(Task details) Write the listing out again in full. Every character must match.

##### Information shown

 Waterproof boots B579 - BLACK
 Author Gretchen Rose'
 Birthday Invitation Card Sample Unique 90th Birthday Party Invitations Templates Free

##########

(Solution to this task)
 Waterproof boots B579 - BLACK
 Author Gretchen Rose'
 Birthday Invitation Card Sample Unique 90th Birthday Party Invitations Templates Free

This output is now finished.